Brookfield Renewable issued 7,000,000 Series 7 Preferred Units at a price of $25.00 per unit, for total gross proceeds of $175,000,000.

The Series 7 Preferred Units will commence trading on the Toronto Stock Exchange this morning under the ticker symbol BEP.PR.G.

BEP.PR.G is Preferred Units FixedReset 5.50%+447M550, announced November 17. It will be tracked by HIMIPref™ but relegated to the Scraps index on credit concerns. Note that the distribution will be a mixture of dividends, income and return of capital for tax purposes; calculating the after-tax return is complex and will require numerous assumptions!

The issue is rated Pfd-3(high) by DBRS:

DBRS Limited (DBRS) has today finalized its provisional rating of Pfd-3 (high) with a Stable trend on Brookfield Renewable Energy Partners L.P.’s (BREP) issuance of Class A Preferred Limited Partnership Units, Series 7 (Preferred LP Units).

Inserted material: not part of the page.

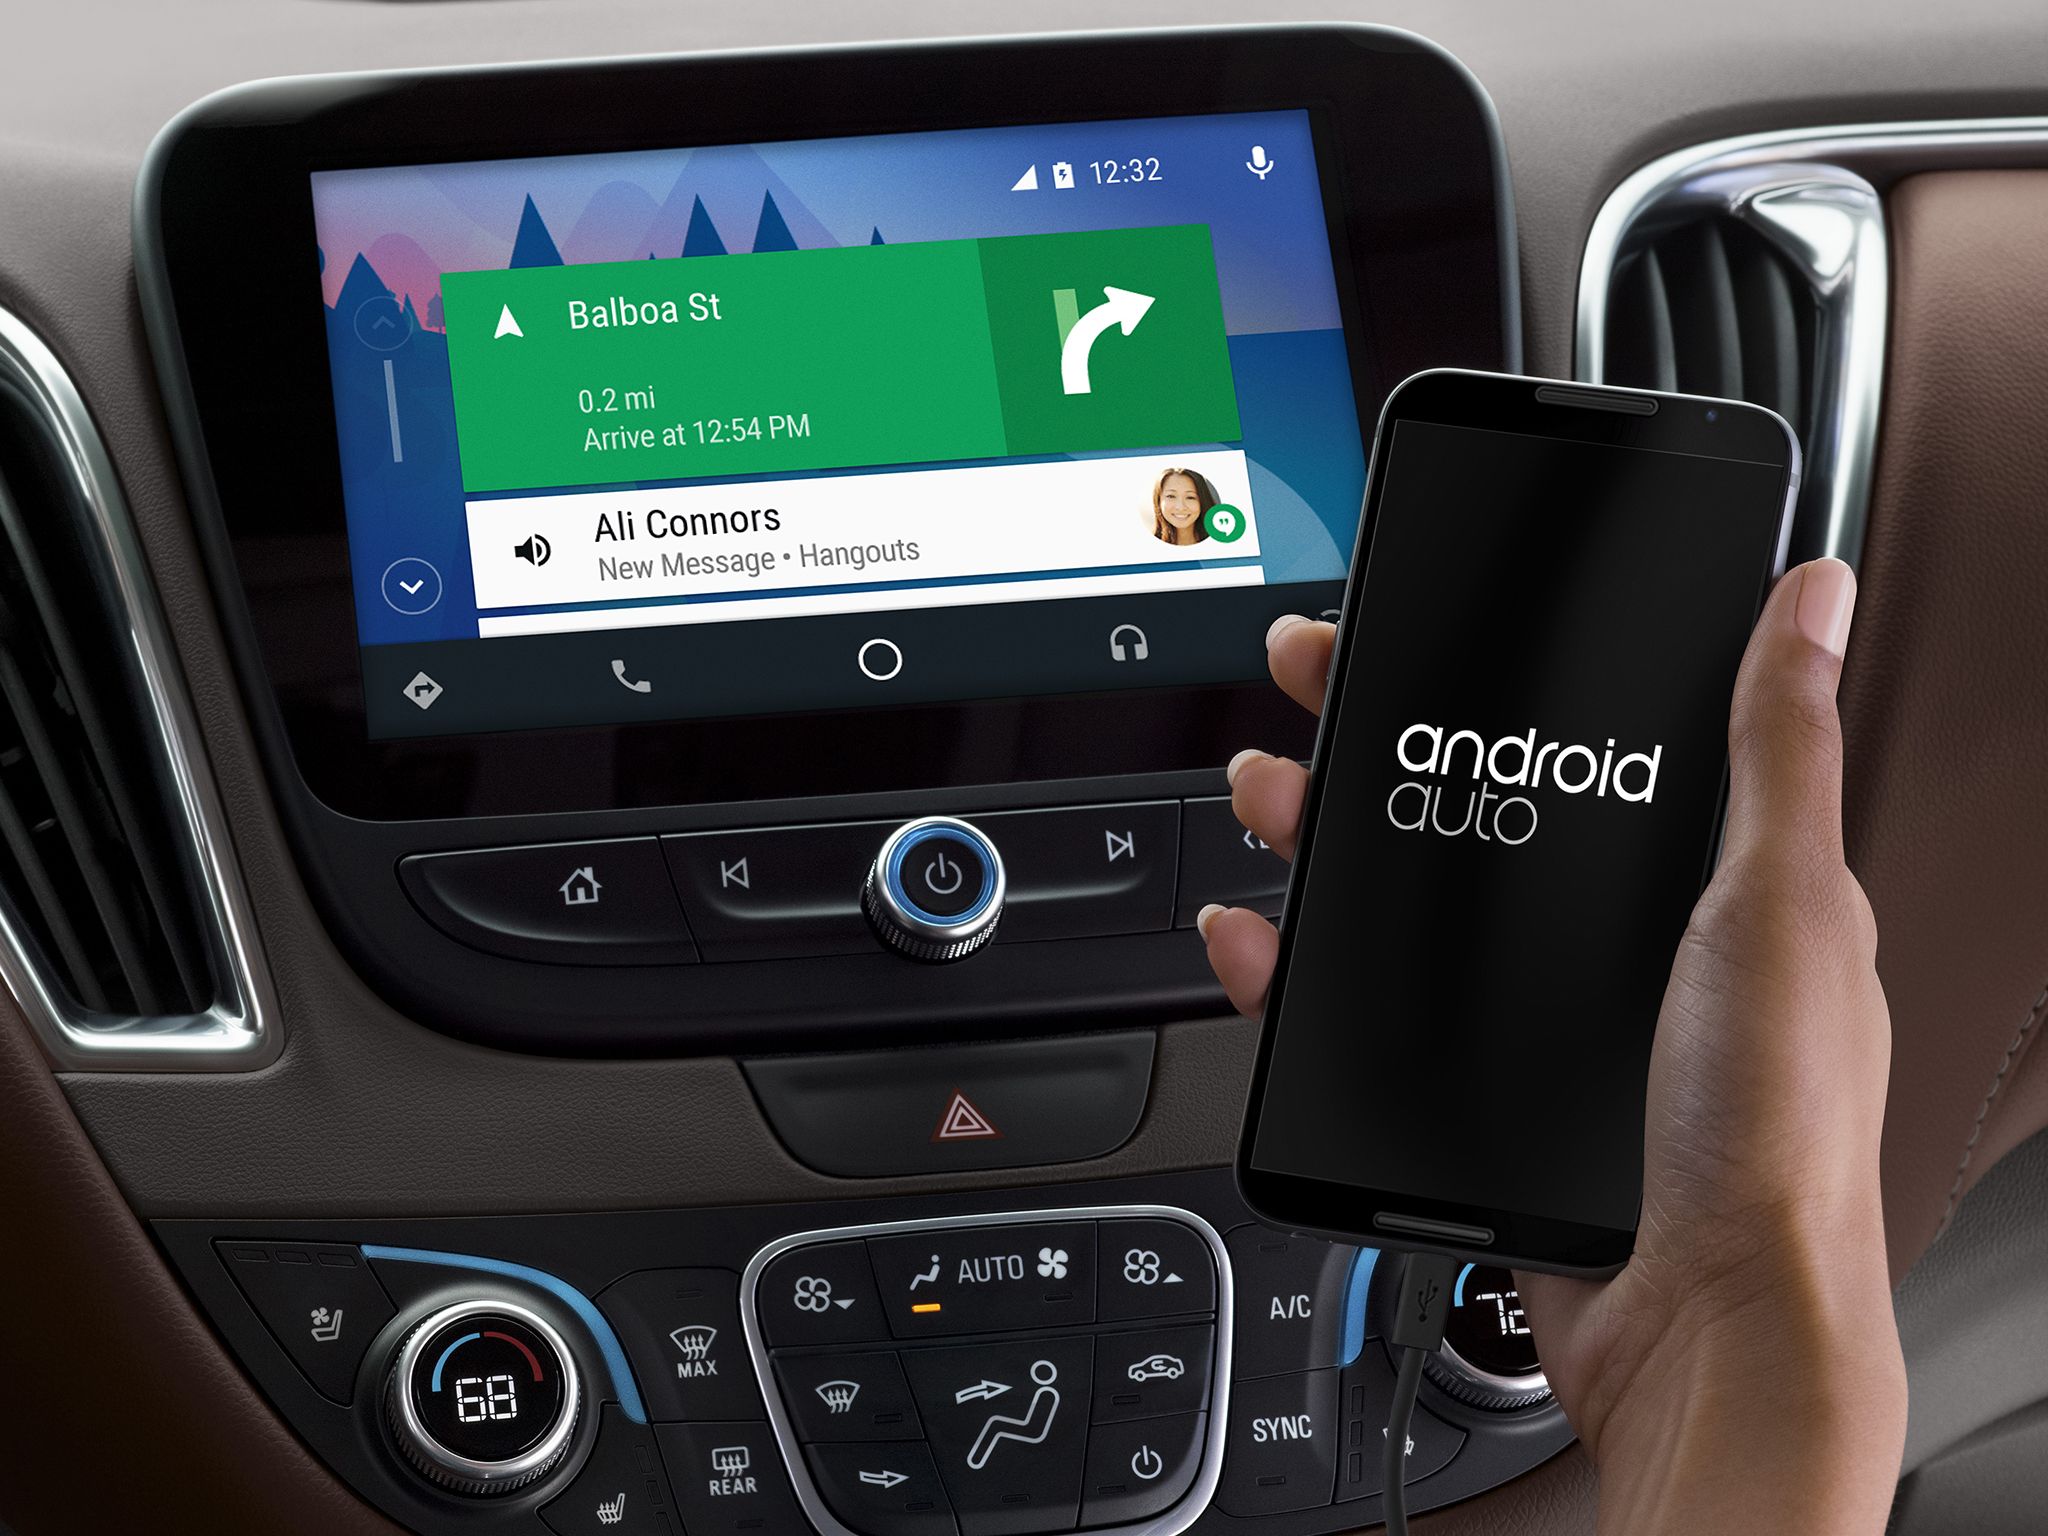 Chevrolet dealers offering free Android Auto update for select vehicles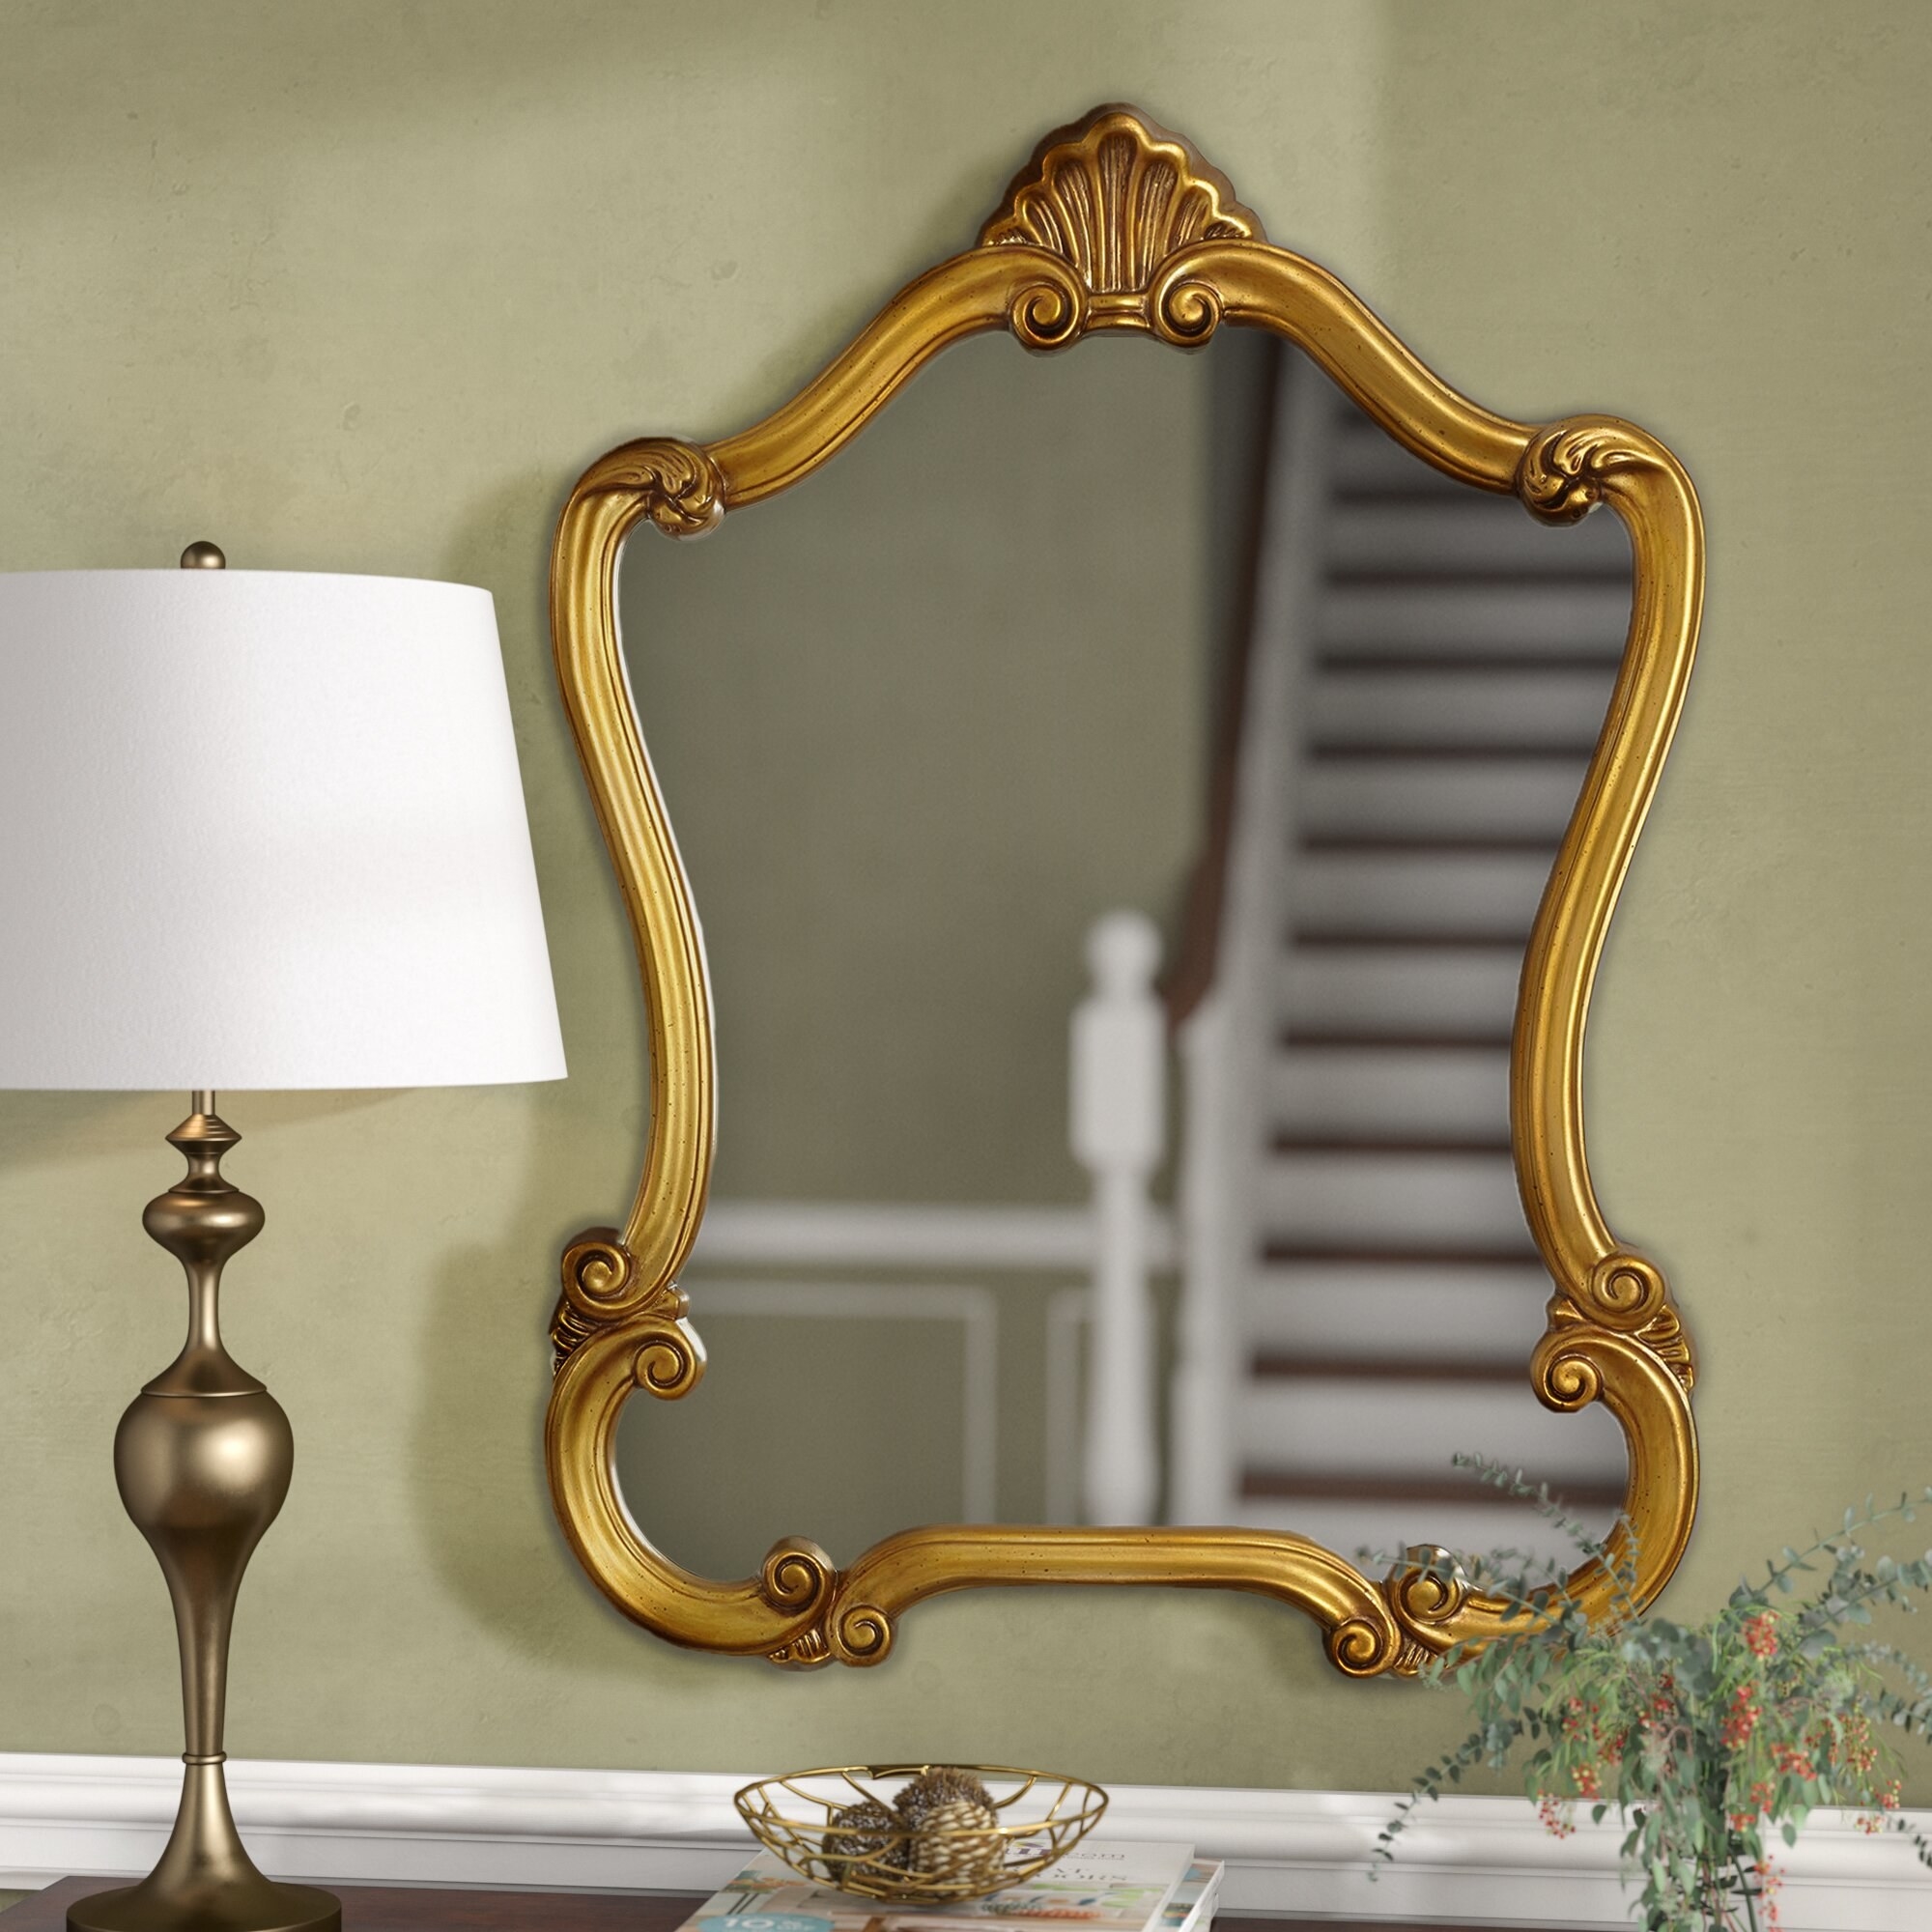 The accent mirror in gold

DBRS notes that the Preferred LP Units will rank on parity with every other series of Class A Preferred Limited Partnership Units and will be fully and unconditionally guaranteed by BREP’s key holding subsidiaries (the Guarantors). The Preferred LP Units will rank pari passu at the Guarantor level with the outstanding Preference Shares (rated Pfd-3 (high) by DBRS) of Brookfield Renewable Power Preferred Equity Inc., which are also guaranteed by BREP.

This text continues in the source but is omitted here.